The letter was published in the official gazette of the Holy See, the Acta Apostolicae Sedis, in 2001.

==Contents==
It covers "the more serious offences reserved to the Congregation for the Doctrine of the Faith" that the apostolic constitution Pastor Bonus of 28 June 1988 attributes to the competence of that office:
Art. 52 — The Congregation examines offences against the faith and more serious ones both in behaviour or in the celebration of the sacraments which have been reported to it and, if need be, proceeds to the declaration or imposition of canonical sanctions in accordance with the norms of common or proper law.

The Code of Canon Law also speaks of offences reserved to the Congregation for the Doctrine of the Faith, and likewise does not specify them.

===Graviora delicta===
Of the eight more serious delicts (graviora delicta) in behaviour or in the celebration of the sacraments that De delictis gravioribus specified, four concern the Eucharist:
1. Throwing away the consecrated species or, for a sacrilegious purpose, taking them away or keeping them;
2. Attempting, if not a priest, to celebrate Mass or pretending to do so;
3. Concelebrating the Eucharist with ministers of ecclesial communities that lack apostolic succession and do not recognize the sacramental dignity of priestly ordination;
4. Consecrating either bread or wine without the other, or consecrating both but outside of celebration of Mass.

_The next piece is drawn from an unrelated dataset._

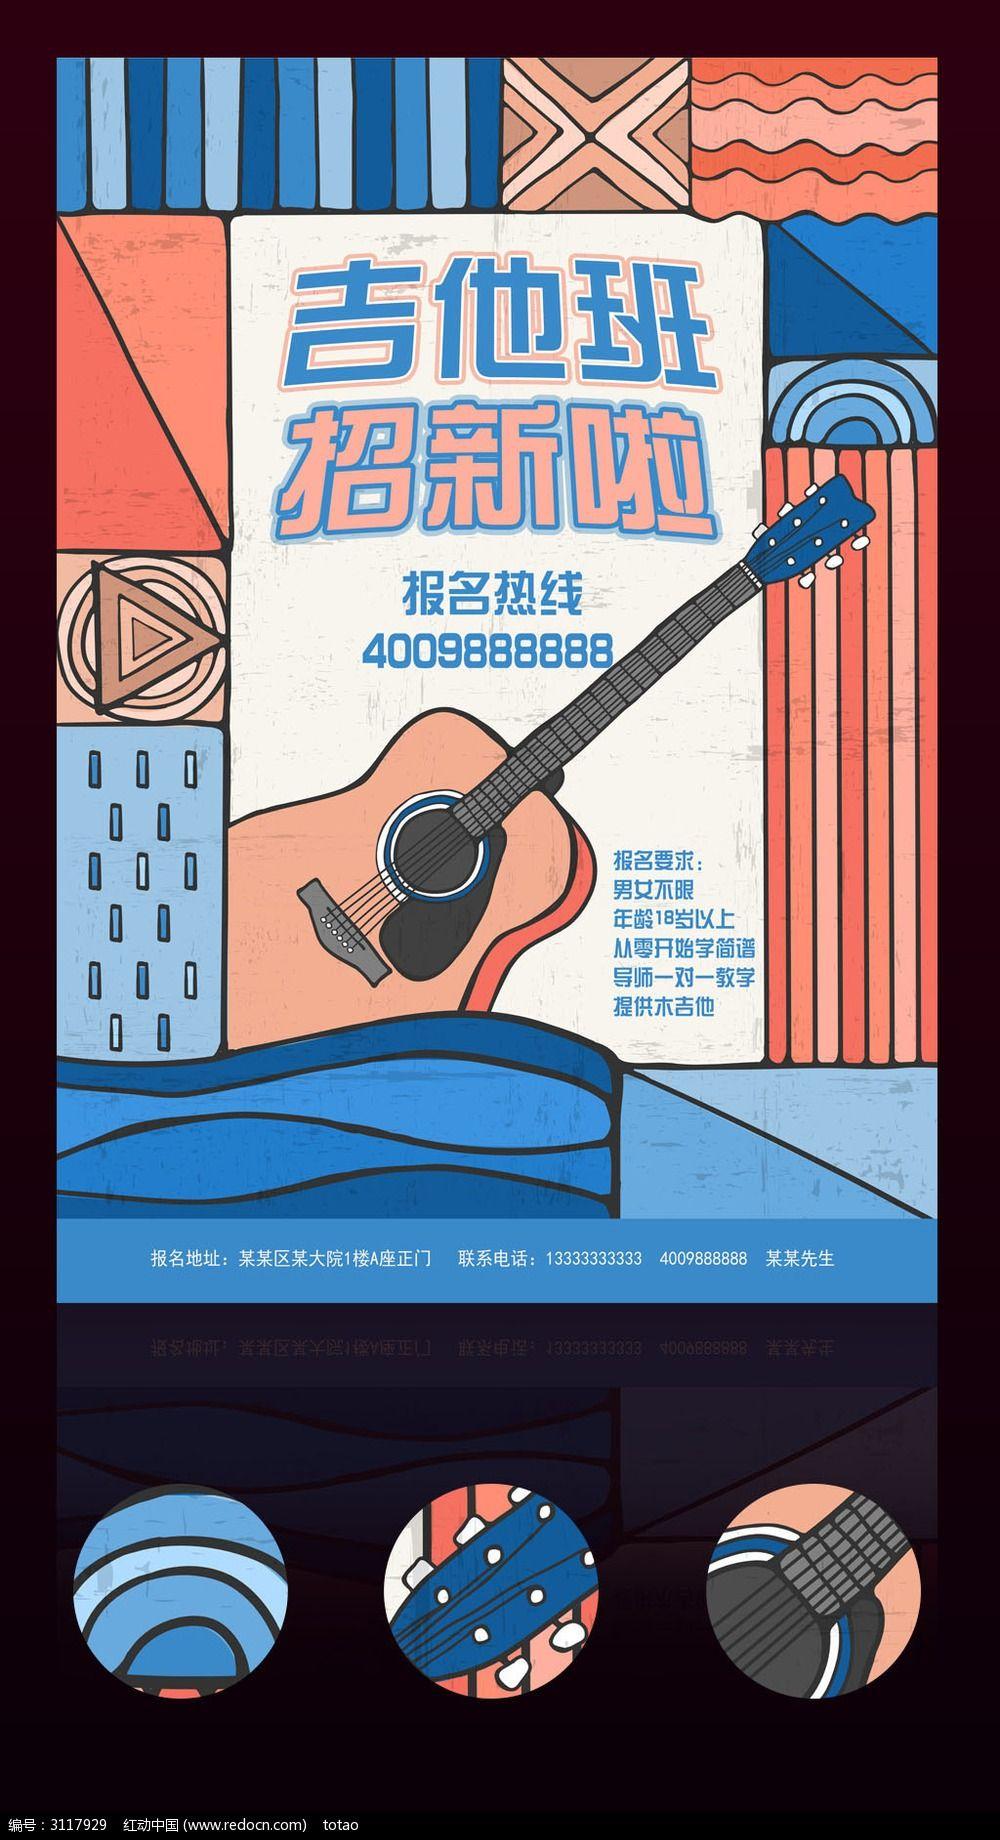 音乐兴趣小组海报_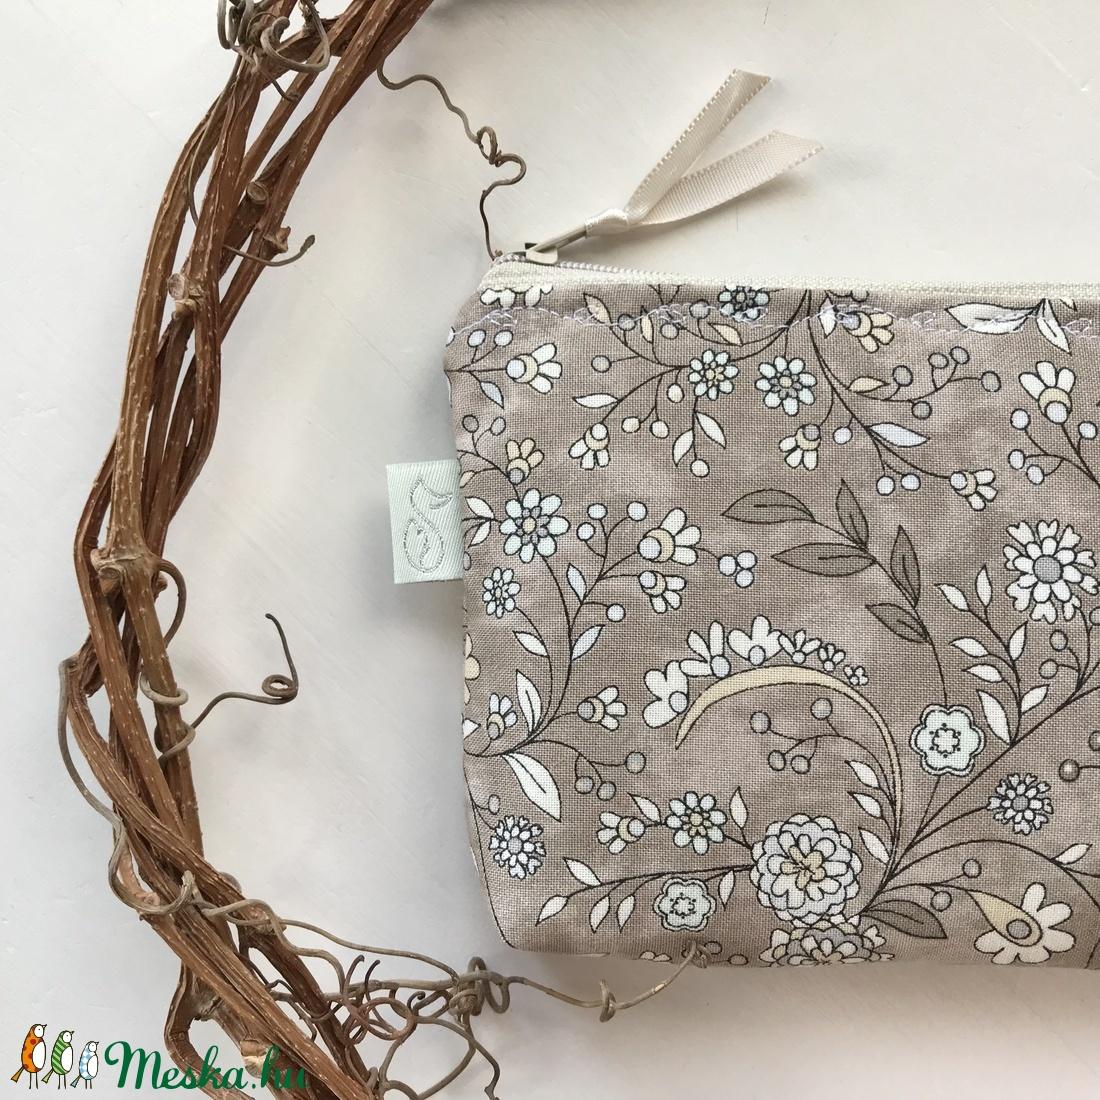 Natúr virág mintás irattartó pénztárca, kozmetikai táska - Artiroka design a Mesedobozból - táska & tok - pénztárca & más tok - pénztárca - Meska.hu

Three concern the sacrament of Confession:
1. Absolving an accomplice in sexual sin;
2. Making a sexual advance in Confession or on the occasion of or on the pretext of Confession;
3. Direct violation of the secrecy of Confession.

In addition, the document lists one offence of a moral character, not directly connected with administration of the sacraments, as reserved in the same way as these to the Congregation for the Doctrine of the Faith, namely, the offence of a cleric (a bishop, priest or deacon) who commits a sexual sin with someone under 18 years of age.

==Procedure==

Reservation of these offences to the Congregation does not mean that the Congregation itself tries those accused of committing them. It requires instead that, if a preliminary investigation shows that it is at least probable that the offence was committed, the ordinary (in the Eastern Catholic Churches called the hierarch) is to consult the Congregation on the manner in which his own tribunal is to proceed. In addition, any appeals from the verdict of that tribunal are to be made to the Congregation, instead of the usual appeals tribunal.

==Prescription==
In the case of criminal actions brought before an ecclesiastical tribunal against someone accused of offences reserved to the Congregation for the Doctrine of the Faith, prescription normally limits to ten years from the date of commission of an offence the time within which the prosecution may be initiated; but the document De delictis gravioribus lays down that, in the case of a sexual offence against a minor, the period of ten years begins to run only when the minor reaches 18 years of age.